The Sweet Smell of PU
I once had a great idea. The plan was to develop a new way of manufacturing automotive suspension bushings and anti-vibration mounts with variable elasticity to allow the mount to be custom-tuned to t...
I once had a great idea. The plan was to develop a new way of manufacturing automotive suspension bushings and anti-vibration mounts with variable elasticity to allow the mount to be custom-tuned to the resonant frequency of the machine to which it was mounted.
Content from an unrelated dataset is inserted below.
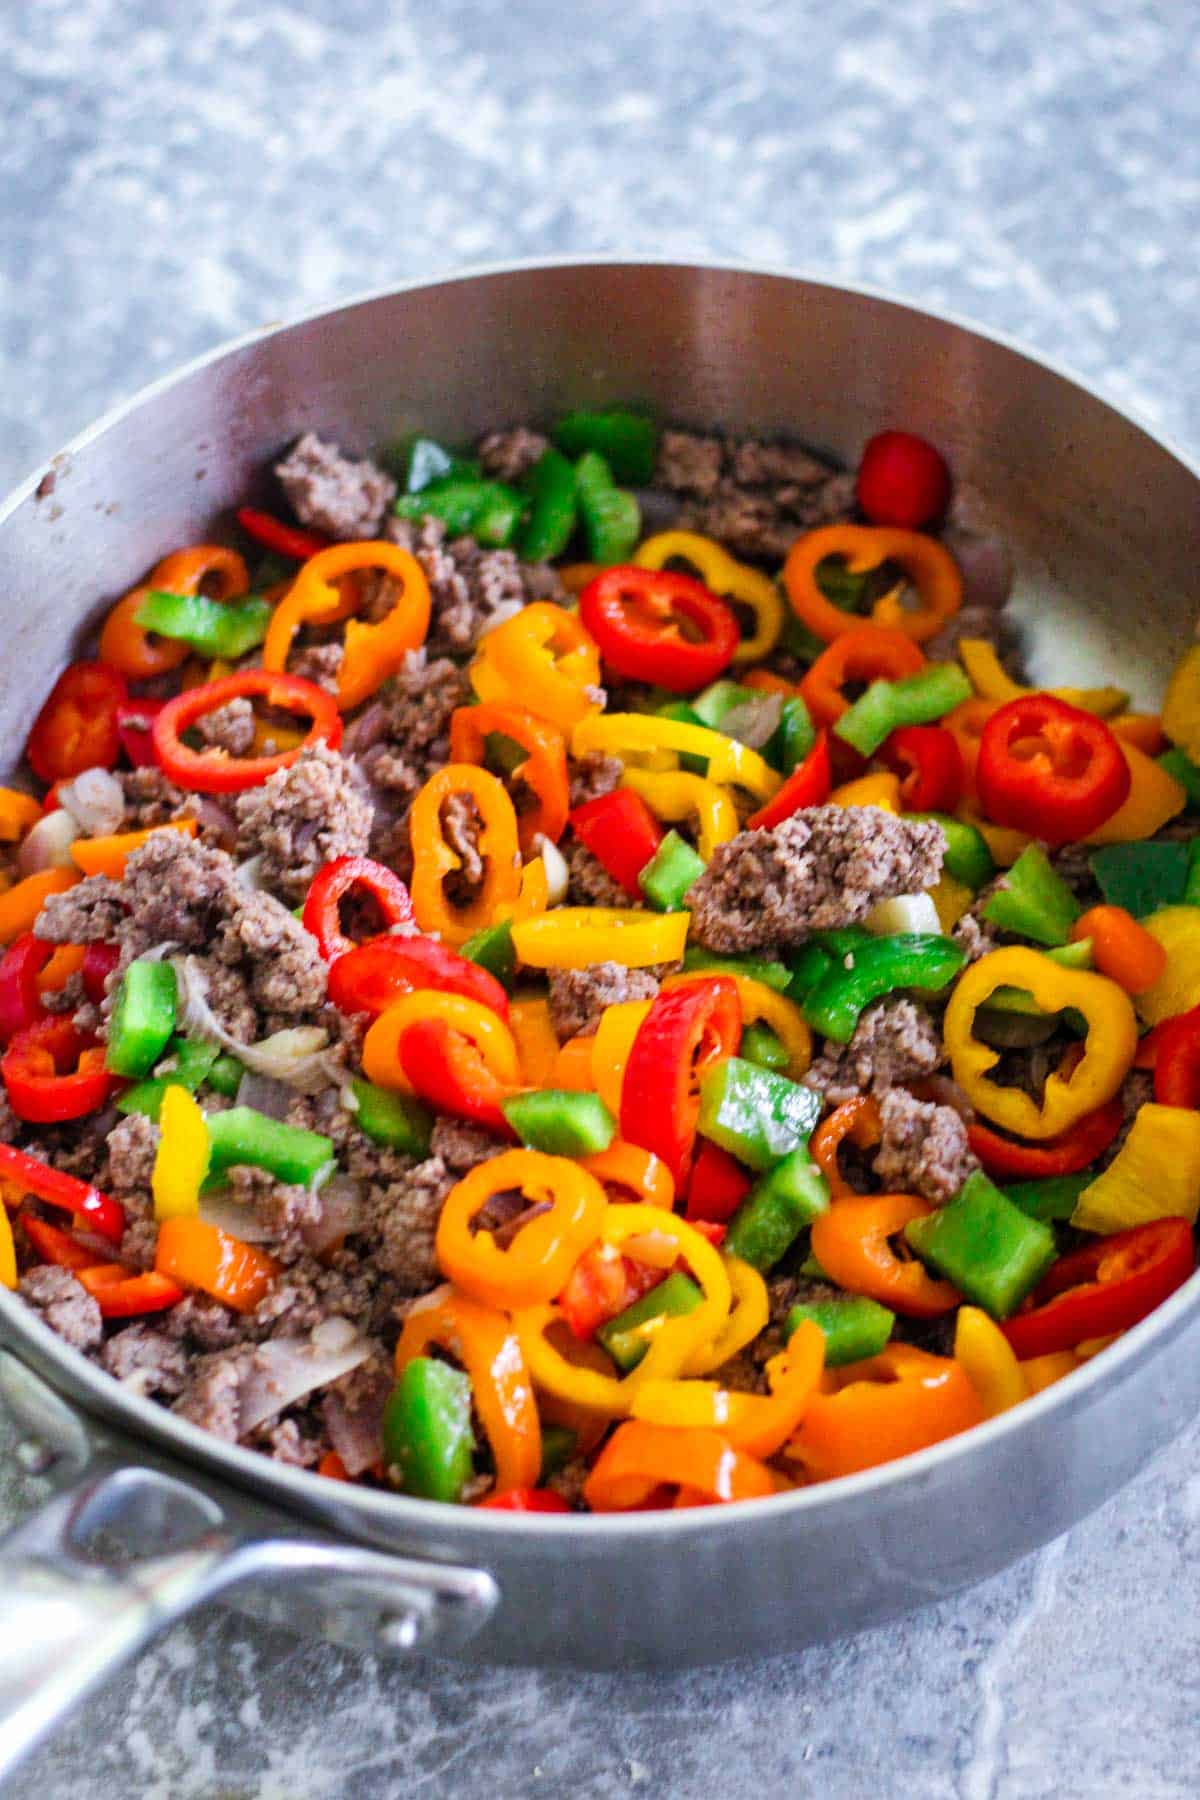 Adding chopped peppers over browned beef.

Like many in the same situation, I turned to a two-part polyurethane casting resin, which I hand poured into molds.
At the time, I had no idea how sophisticated that sticky goo was, but later in university I learned two interesting things about PU. One was the complexity of the chemistry, in which an isocyanate reacts with a kind of “super alcohol” called a polyol. Most people don’t see very many isocyanates lying around the kitchen, but polyols are everywhere, mainly as the glycol that forms the basis of automotive antifreeze. Isocyanates contain, you guessed it, cyanide. Actually, they’re a brew of cyano compounds, and when venting the fumes from the setting process you really need to think about keeping them away from people. My single car garage didn’t have the Good Housekeeping Seal of Approval. Consequently, my sinuses got a real workout.
Polyurethanes can be tricky to master and they’re also a lot older than many people realize. They were first developed in 1937 by a team led by Otto Bayer at the Leverkusen labs of industrial giant I.G. Farbenindustrie, and by 1952 the firm announced the development of thermoplastic linear polyurethanes (TPUs), opening the door to injection molding and the rapid expansion of new applications. The prolific Bayer was involved in that discovery, too, and by the early ’60s Bayer-Mobay (later Miles Inc.) and BFGoodrich had extrusion and injection grades under the trade names Texin and Estane.
What the incredibly varied chemistry of PU gives you is the ability to mold parts with a wide range of elasticity, from rubber ball soft to rock hard. Applications include insulating foams, automotive and industrial seating, forklift tires, seals and gaskets, coatings, adhesives, ski boots, as well as the application I pay the most street level attention to, spandex. Useful stuff.
If you’re planning to mess around with polyurethane casting resins in your garage, however, take it from me: read the Material Safety Data Sheet, open the door and definitely wear gloves. Bring your wallet, because at something like fifty or sixty bucks per litre of mixed compound, casting isn’t the way to a mass-production fortune. And my brilliant idea for polyurethane bushings? As yet, I can’t afford a 100-ton press and multi-cavity mold, but when I win the 6/49 lottery….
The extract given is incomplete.